From xarray to pandas
Contents
From xarray to pandas#
Import python packages#
import xarray as xr
xr.set_options(display_style='html')
import intake
import cftime
import matplotlib.pyplot as plt
import cartopy.crs as ccrs
import pandas as pd
import dask
%matplotlib inline
Open CMIP6 online catalog#
cat_url = "https://storage.googleapis.com/cmip6/pangeo-cmip6.json"
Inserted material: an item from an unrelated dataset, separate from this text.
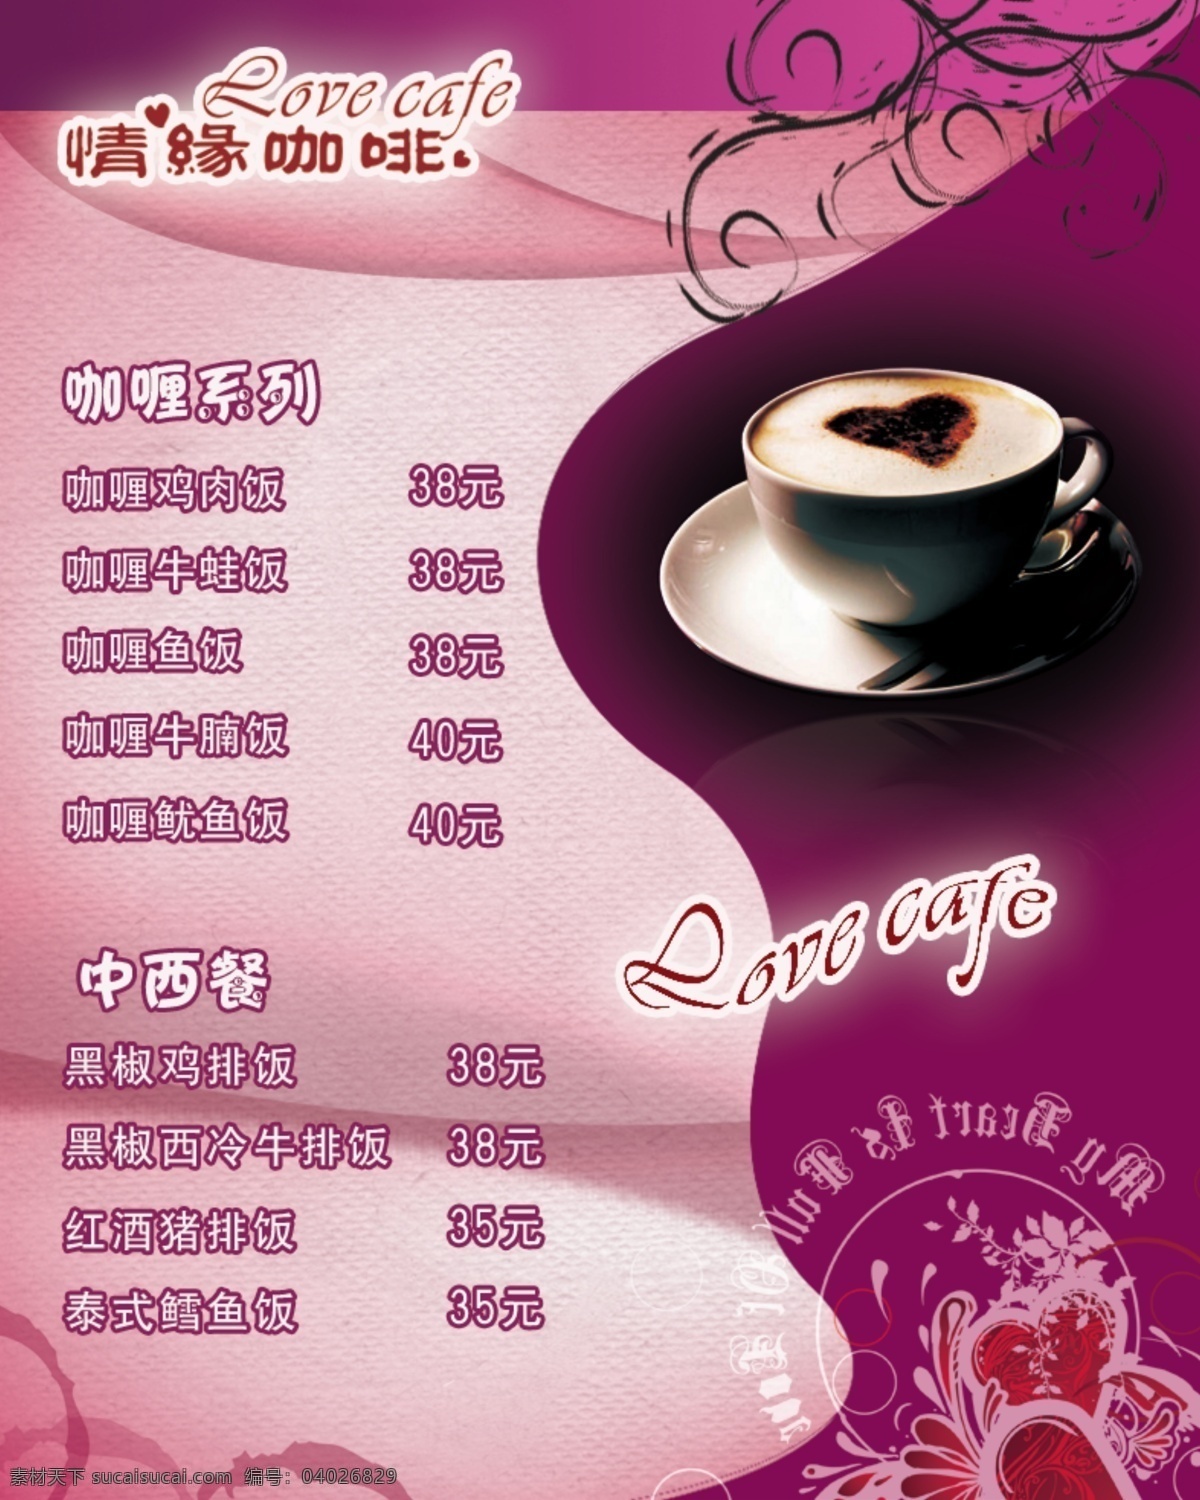 分层 爱心 杯子 菜单 咖啡菜单 源文件 紫色背景 咖啡 模板下载 情缘咖啡 海报 海报背景图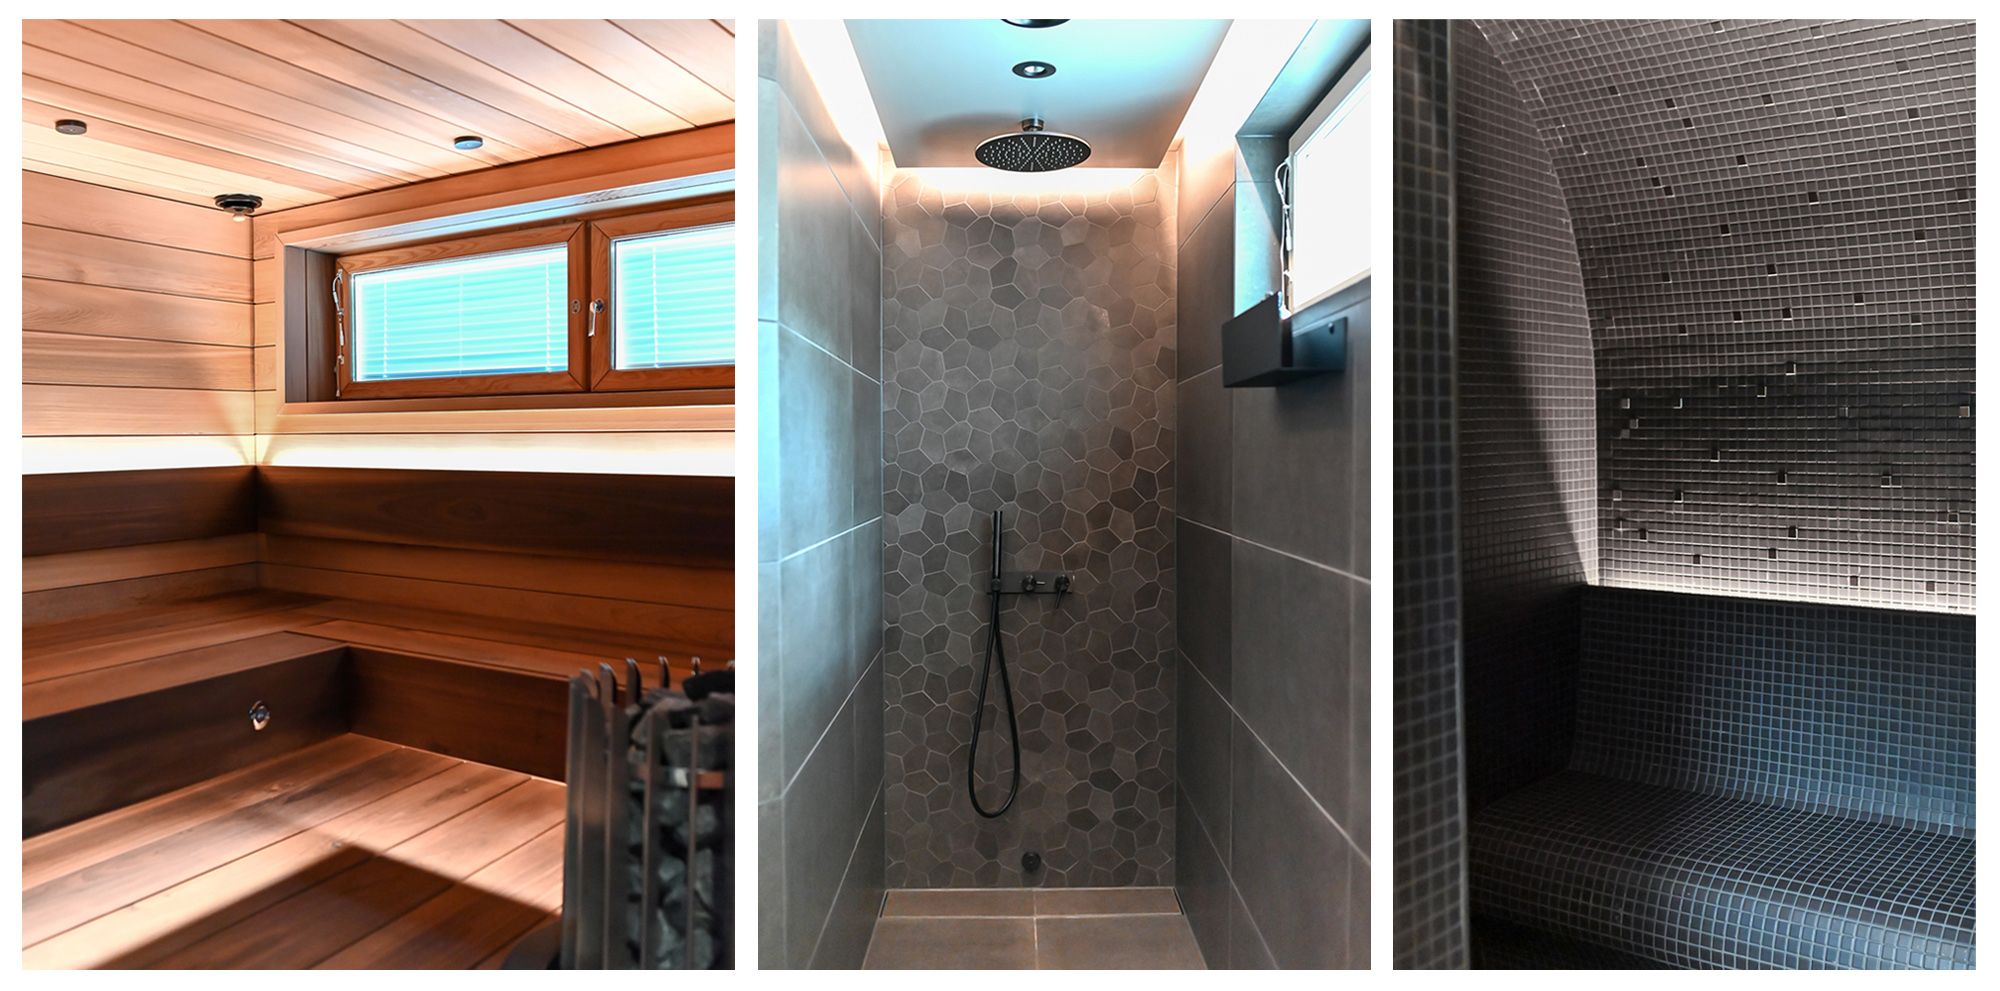 En totalrenovering av dusch- och basturummen, med tejper för att skapa en ny atmosfär. Foton.

col = intake.open_esm_datastore(cat_url)
col
Search corresponding data#
cat = col.search(source_id=['CESM2-WACCM'], experiment_id=['historical'], table_id=['AERmon'], variable_id=['so2'], member_id=['r1i1p1f1'])
cat.df
Create dictionary from the list of datasets we found#
This step may take several minutes so be patient!
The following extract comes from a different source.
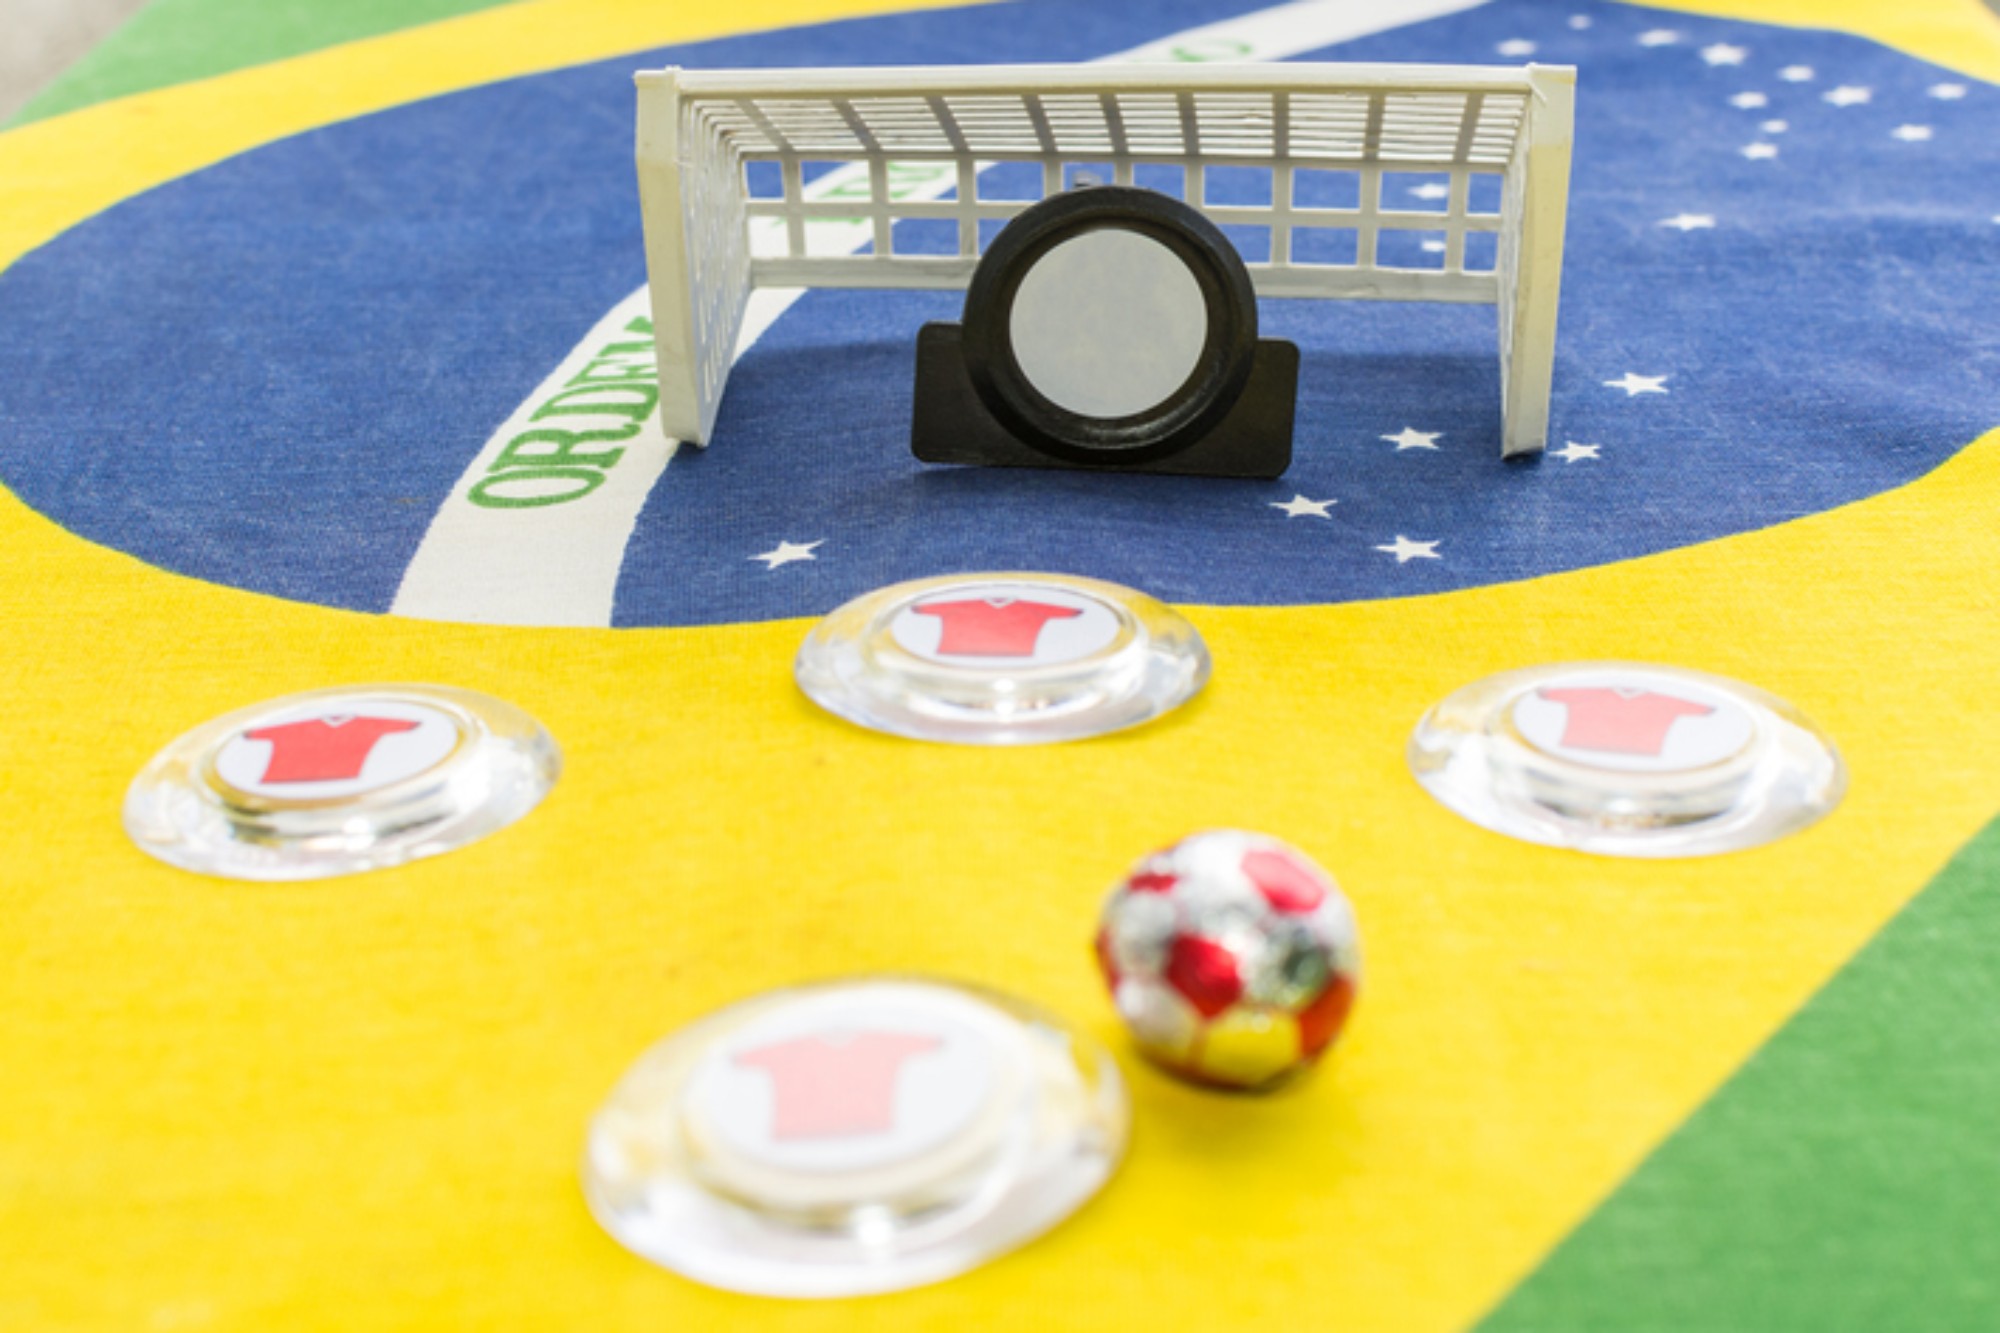 Descubra o que é futebol de botão e como jogar com seus filhos

dset_dict = cat.to_dataset_dict(zarr_kwargs={'use_cftime':True})
lconf = list(dset_dict.keys())
print(lconf)
Open dataset#
Use
xarray
python package to analyze netCDF datasetopen_dataset
allows to get all the metadata without loading data into memory.with
xarray
, we only load into memory what is needed.
dset = dset_dict[lconf[0]]
dset = dset.squeeze()
Get metadata corresponding to the whole dataset#
dset
Get metadata corresponding to SO2#
print(dset['so2'])
zonal mean and one level and convert to pandas dataframe#
%%time
dset_selection = dset['so2'].sel(lev=-1000, method='nearest').mean('lon').load()
dset_selection
dset_selection.sel(time=cftime.DatetimeNoLeap(2003, 10, 15), method="nearest").plot()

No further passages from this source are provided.